Shelby 8 years, 4 months ago

This marks another entry in the long list of small communities who think their little scuffle "was what started the civil war"

as_I_live_and_breathe 8 years, 4 months ago

Shelby, the important thing to remember is that it was all caused because Bush lied.....

bd 8 years, 4 months ago

OH! , I thought it was Clinton that lied???, or was that Dick Nixon????

Wilbur_Nether 8 years, 4 months ago

Uh, Shelby, no historian of repute diputes the role of Bleeding Kansas occurrences--from the Marais des Cygnes Massacre to Black Jack--in igniting the American Civil War. Or, as some still refer to it, "The War of Northern Agression."

Black Jack was the first pitched battle between pro- and anti-slavery forces. As a matter of history, this event really was significant even though it did not have the grand scale of the eastern theatre battles. Sometimes I describe the War Between the States as a fire, and although the Missouri-Kansas conflicts weren't the fuel, heat, or oxygen that the fire required to exist, the conflicts were like an accelerant.

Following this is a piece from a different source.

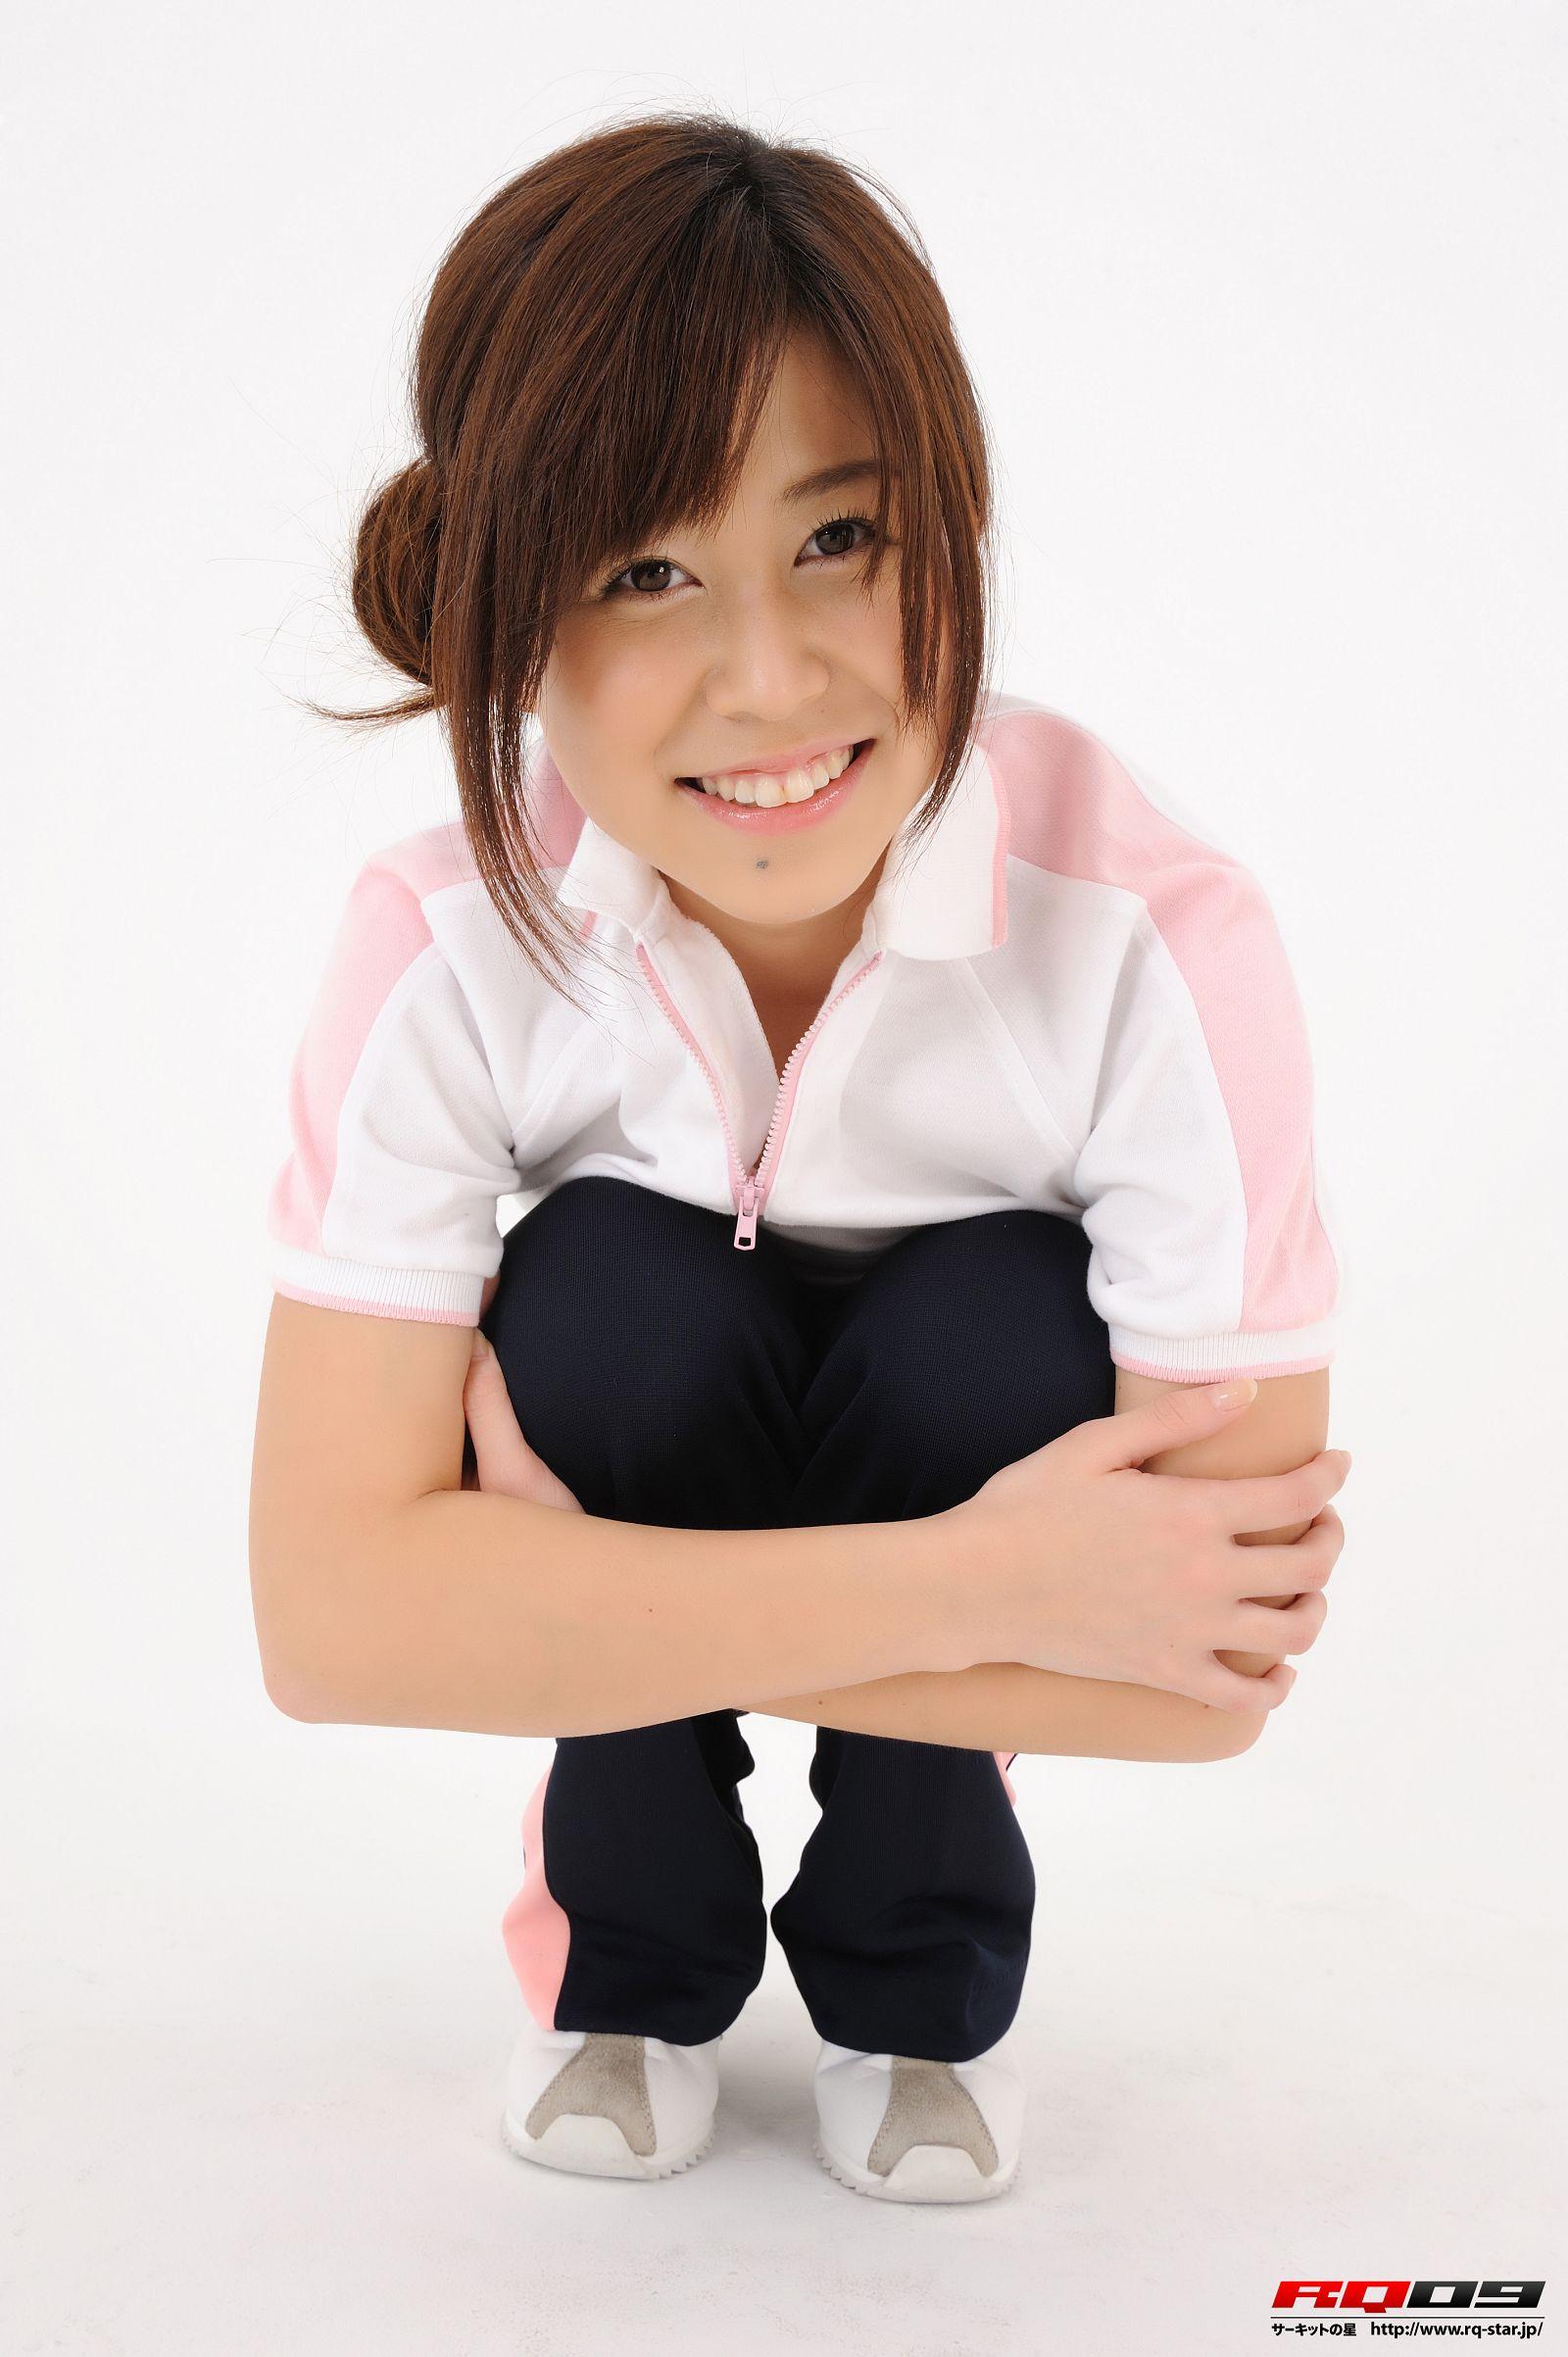 [RQ STAR美女] NO.0133 Airi Nagasaku 永作あいり Kindergartner[50P] RQ STAR 第2张

Shelby 8 years, 4 months ago

Uh, Wilbur, nowhere in my post did make any claim other than the fact that lots of local halfwits think the "battle" of black jack was what started the civil war, and that lots of small, bored communities throughout the US like Baldwin like to propogate the ill-informed notion that a lame occurrence near their town is what started an event of national significance because it makes them feel more important.

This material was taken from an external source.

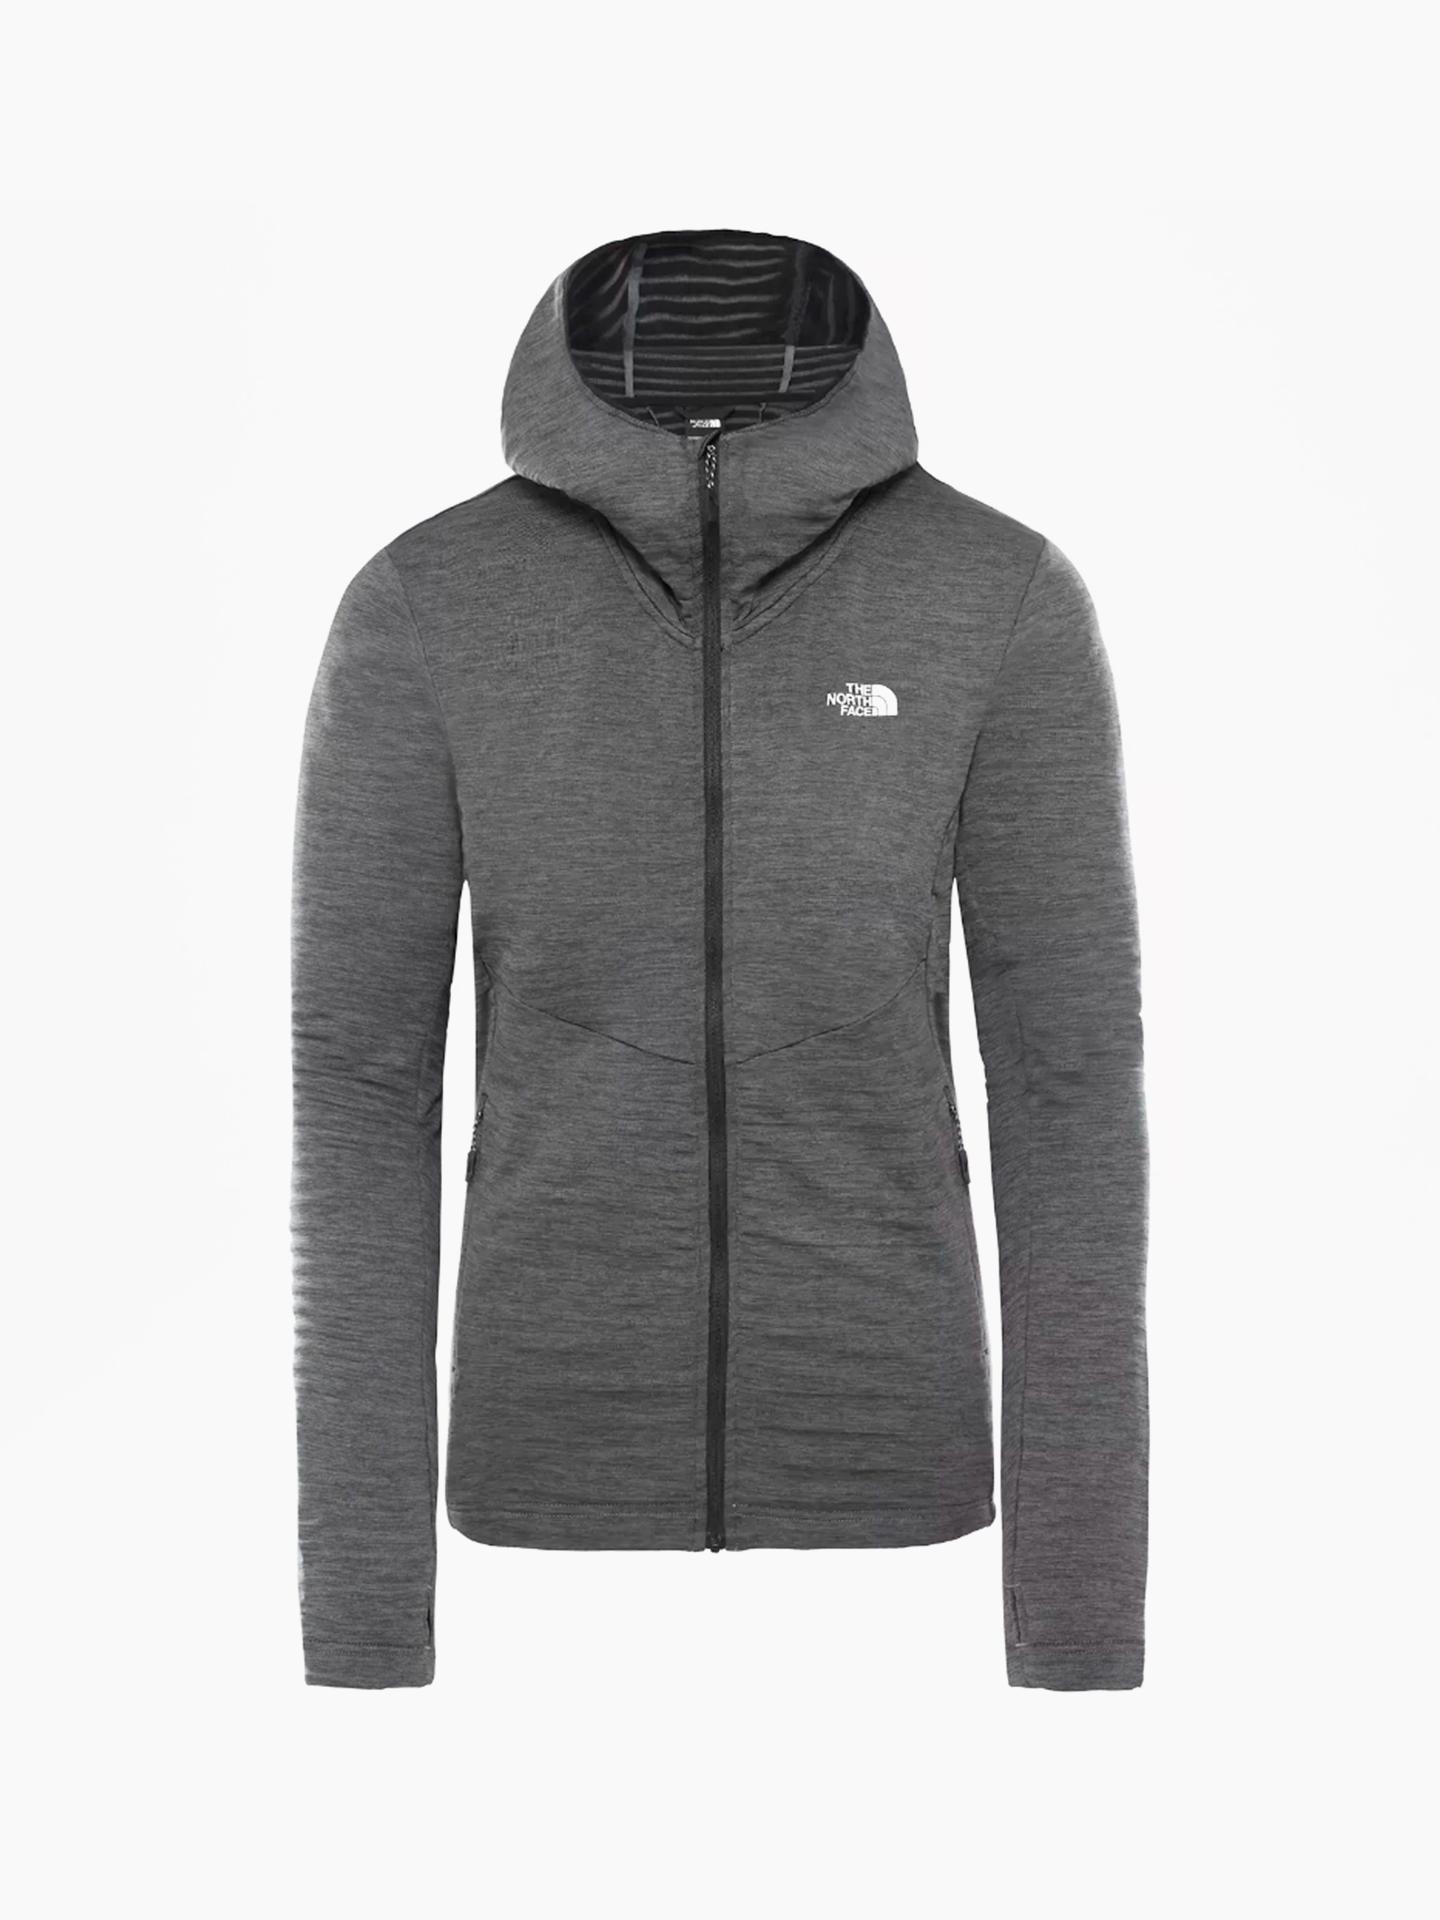 Женская куртка The North Face Impendor Light Hooded Fleece

But feel free to take things out of context in the future in an entirely successful attempt to make people think you're a civil war nerd.

Shelby 8 years, 4 months ago

The statement "The Battle of Black Jack started the Civil War" is like saying "The gassing-up of the Flight '93 plane started the War on Terror."

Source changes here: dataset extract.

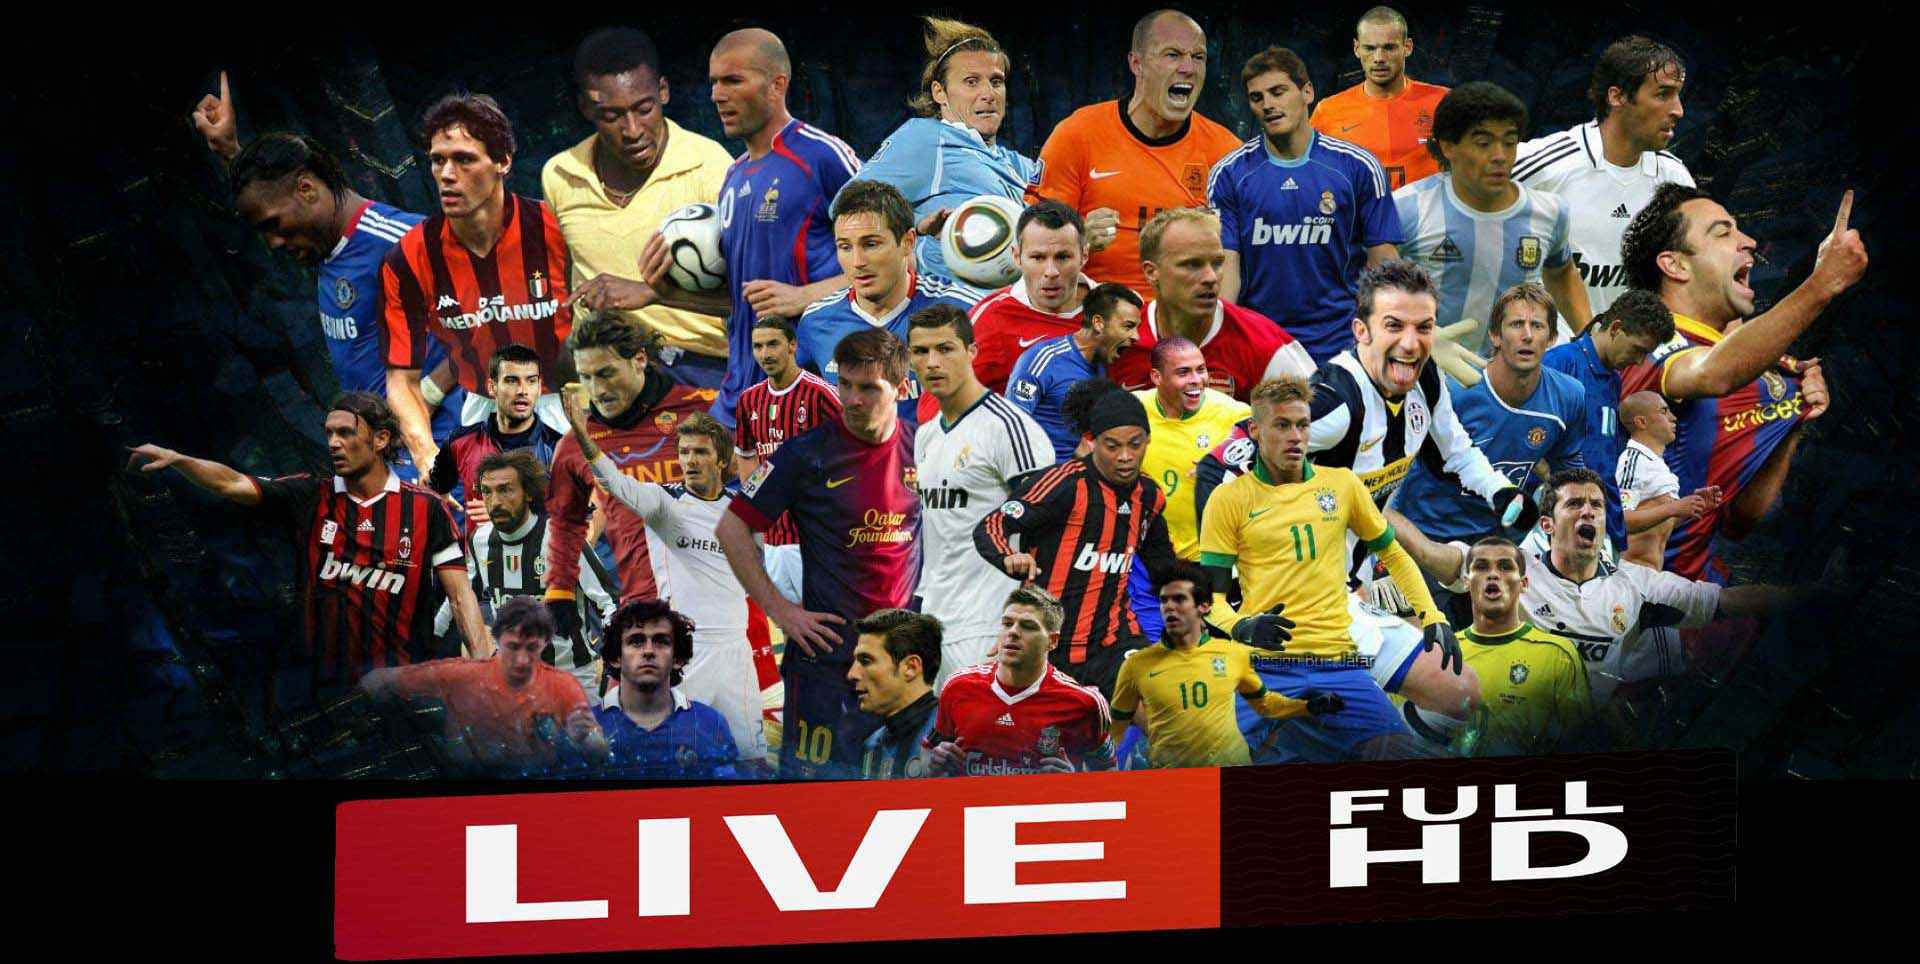 Legia Warsaw Vs Real Madrid live

Godot 8 years, 4 months ago

"1. It's a campy - and sometimes hokey - view of early Kansas that glosses over an important era in the state's history, often favoring a love story over historical fact.

  1. It's a truly local production - written by and starring Douglas Countians - that could be an important tool in telling the Bleeding Kansas story for those who are more inclined to go to the theater than open a history book."

Or,

  1. It is a musical comedy/drama written in the style of Rodgers and Hammerstein. Mueller fictionalizes an historical event as the framework for making some beautiful music.

Wilbur_Nether 8 years, 4 months ago

Shelby shelled out "...feel free to take things out of context in the future in an entirely successful attempt to make people think you're a civil war nerd." Which is interesting on several counts, specifically that Shelby's original sound-bite, "This marks another entry in the long list of small communities who think their little scuffle 'was what started the civil war'," had no internal factual support or context to support a pretty caustic accusation; and that the local historians I know claim that it's the first pitched battle, not the proximate cause of the ACW. And, wow, do I ever feel taken to the woodshed by the reference as a Civil War nerd. Gee whillikers, if that didn't really make me stand back and rethink how I might have been wrong. Shelby further shellaced me with "The statement 'The Battle of Black Jack started the Civil War' is like saying 'The gassing-up of the Flight '93 plane started the War on Terror.'" Shelby's "nerd" response had left me thinking him/her somewhat juvenile in rhetorical ability. The complete failure of that analogy, though, causes me to have to apologize to Shelby for having made such a terrible overestimation.

Wilbur_Nether 8 years, 4 months ago

My last post here was somewhat vitriolic. Shelby, I apologize for the personal attack there. It was uncalled for, and I am asking the moderators to remove it.

Shelby 8 years, 4 months ago

Wilbur...dude...none taken. Don't remove it.

But I thought it was a good analogy. And it seems that we pretty much agree...

It's just that I lived near baldwin for a long time, and went to the high school there, and the maple leaf festival, and, well, we were always taught it was the first skirmish, and I'm a little bitter because it wasn't. For real, man. It may have been ONE of the first, but ask Shelby Foote.